Revocation Still Possible

“That’s the stage when it becomes a bit complicated,” continued Hooper. “If the appeals board upholds CMS’ decision, CMS will move to revoke the CLIA certificate again. So, we will need to go to the Ninth Circuit Court of Appeals in San Francisco and convince the circuit court to do what the district court has done— which is to keep the hospital operating while this action is pending.

“Essentially, what the district court did was issue an injunction stopping CMS from canceling Medicare and Medicaid payments for laboratory services,” he said. “Victor Valley Community Hospital (VVCH) is a nonprofit hospital that is just barely getting by. If they lose their laboratory license, it will be difficult to survive.”

When CMS learned of the PT violation, at the VVCH laboratory, it said it would withhold revoking the CLIA certificate if the hospital requested an administrative hearing. But CMS also said it would stop paying the hospital for Medicare and Medi-Cal clinical laboratory services.

VVCH is one of four hospitals in the High Desert about 100 miles north and west of Los Angeles. The hospital delivers about 2,000 babies annually, and its ER treats about 100 patients each day. Almost 60% of its patients are on Medicare or Medi-Cal.

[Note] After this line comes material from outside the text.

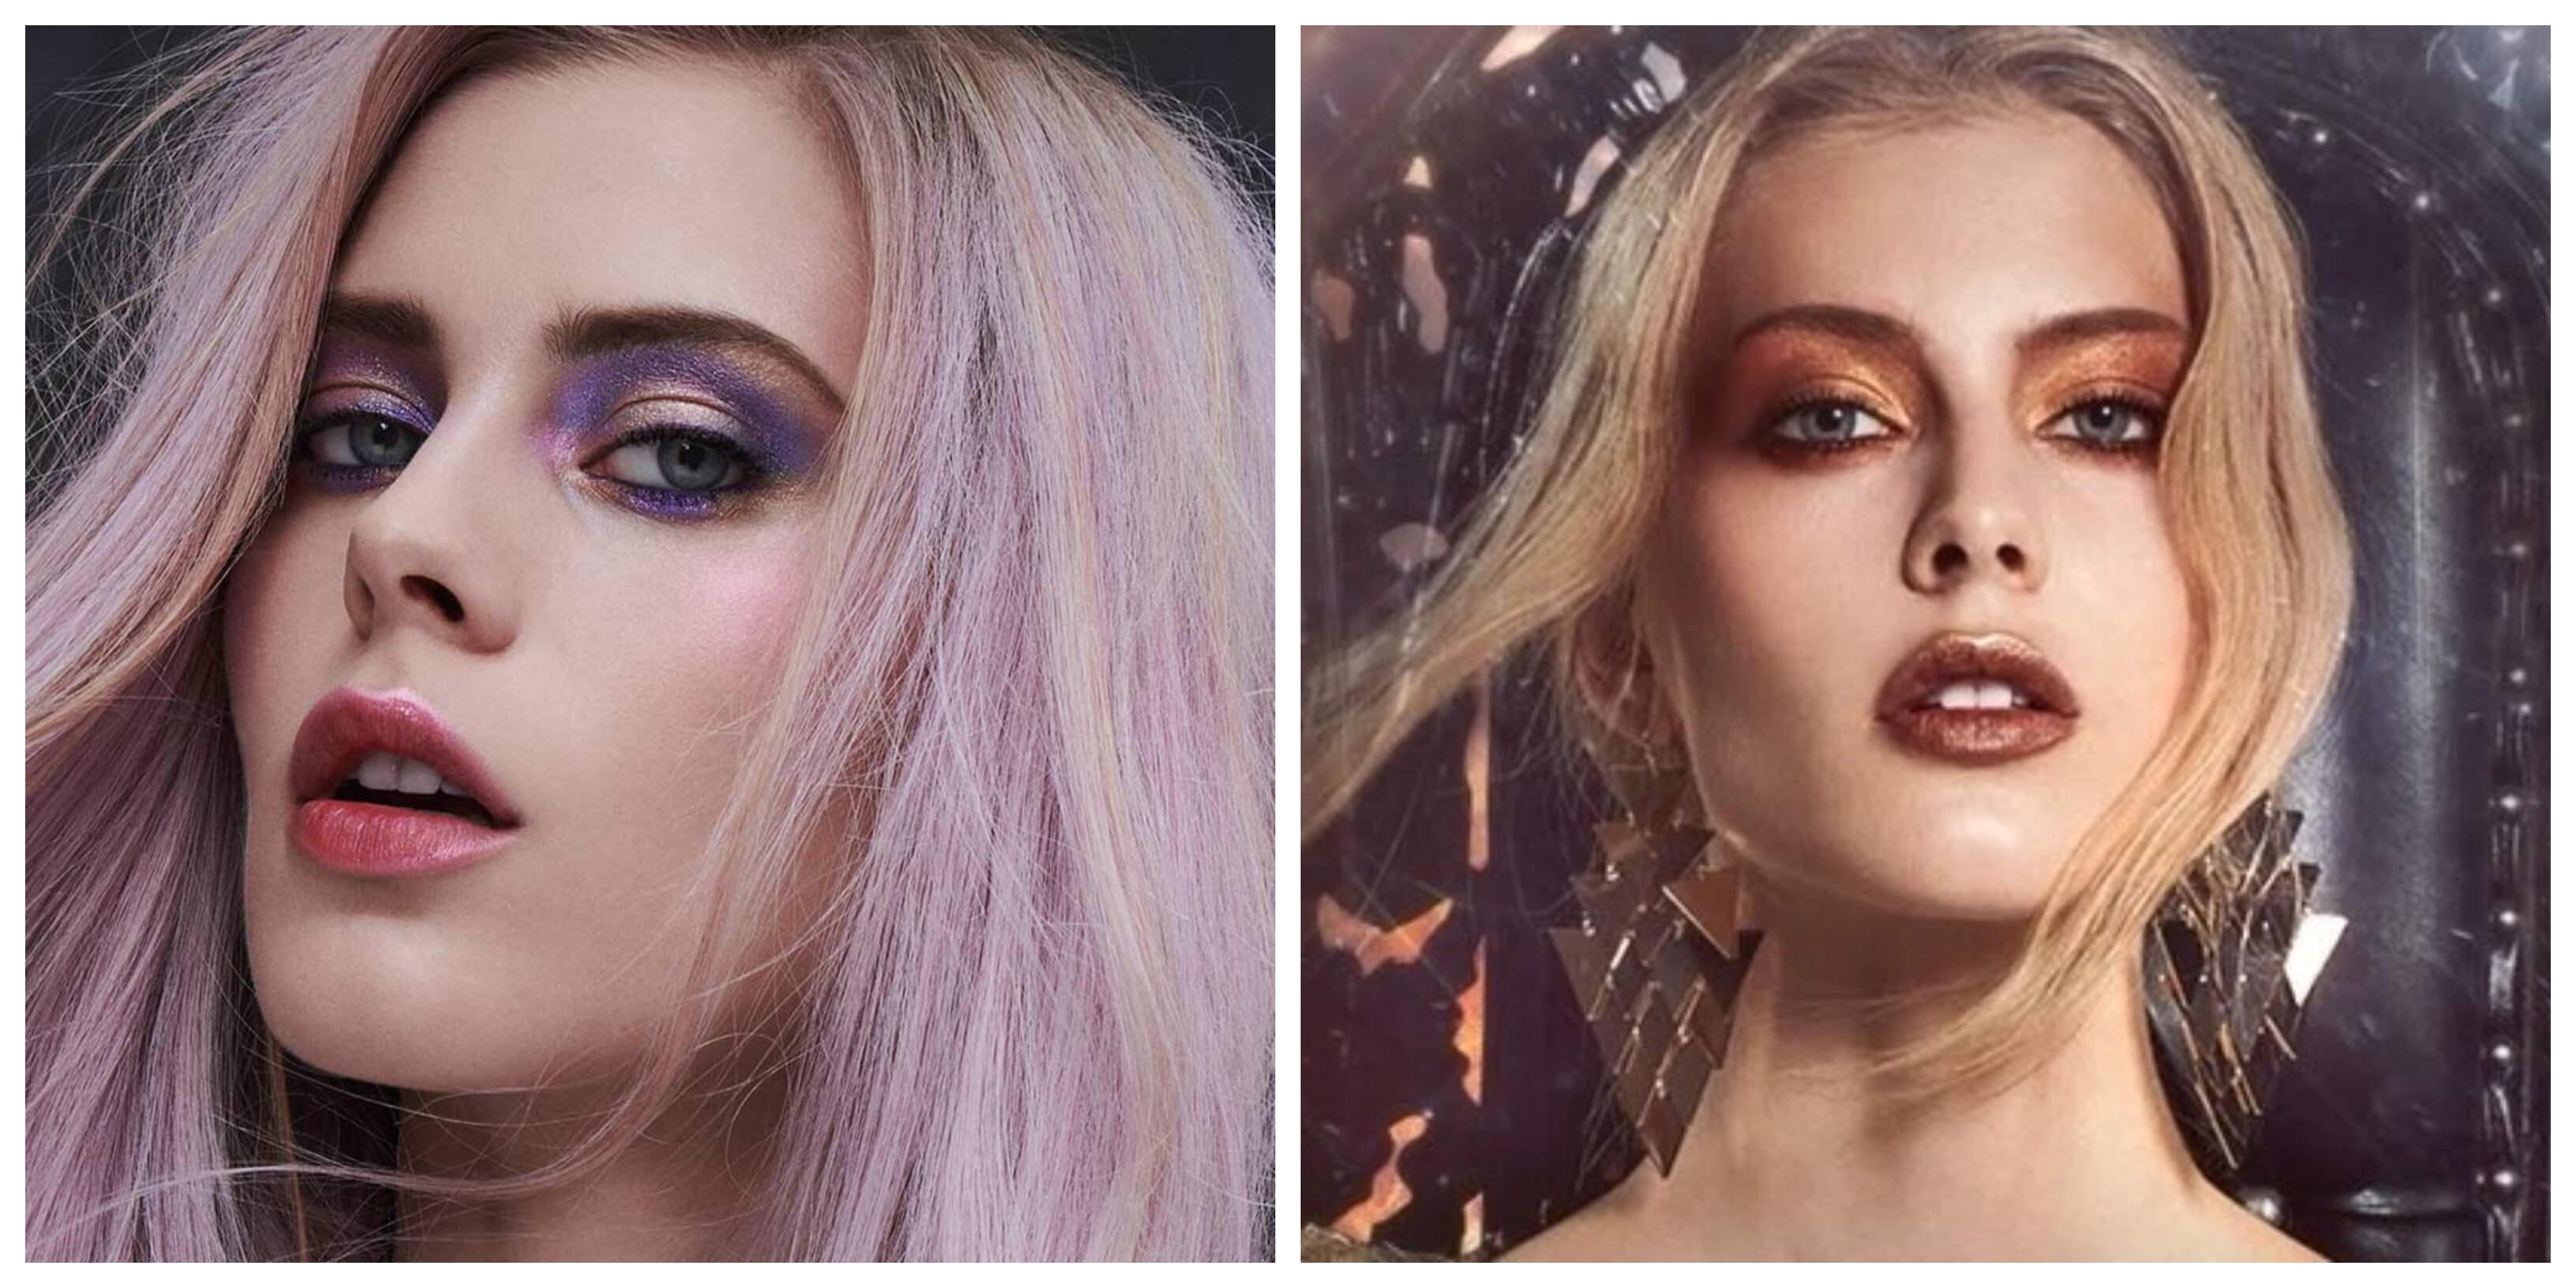 Sad sve možemo izgledati kao Khaleesi: Izašla je linija šminke Game of Thrones

When issuing her injunction against CMS, U.S. District Court Judge Virginia A. Phillips said that, within four weeks of losing its ability to provide laboratory services, the hospital would need to lay off staff and the remaining hospitals in the region would have trouble providing care to all the patients in the area.

Is CMS Overreaching?

THE DARK REPORT observes that this case may provide a good test for laboratories hoping to see a stop to CMS’ current CLIA enforcement policies. As Hooper observes, the lab tech at Victor Valley’s laboratory sent the PT specimen to Quest Diagnostics Incorporated. Quest did as it is required by law and reported the PT violation to CMS. So this is also an example of how CMS is turning laboratories against each other because of their fear of CLIA enforcement. Expect other hospitals to file federal court actions in similar cases because of the extreme consequences of losing CLIA certification over an inadvertent PT violation.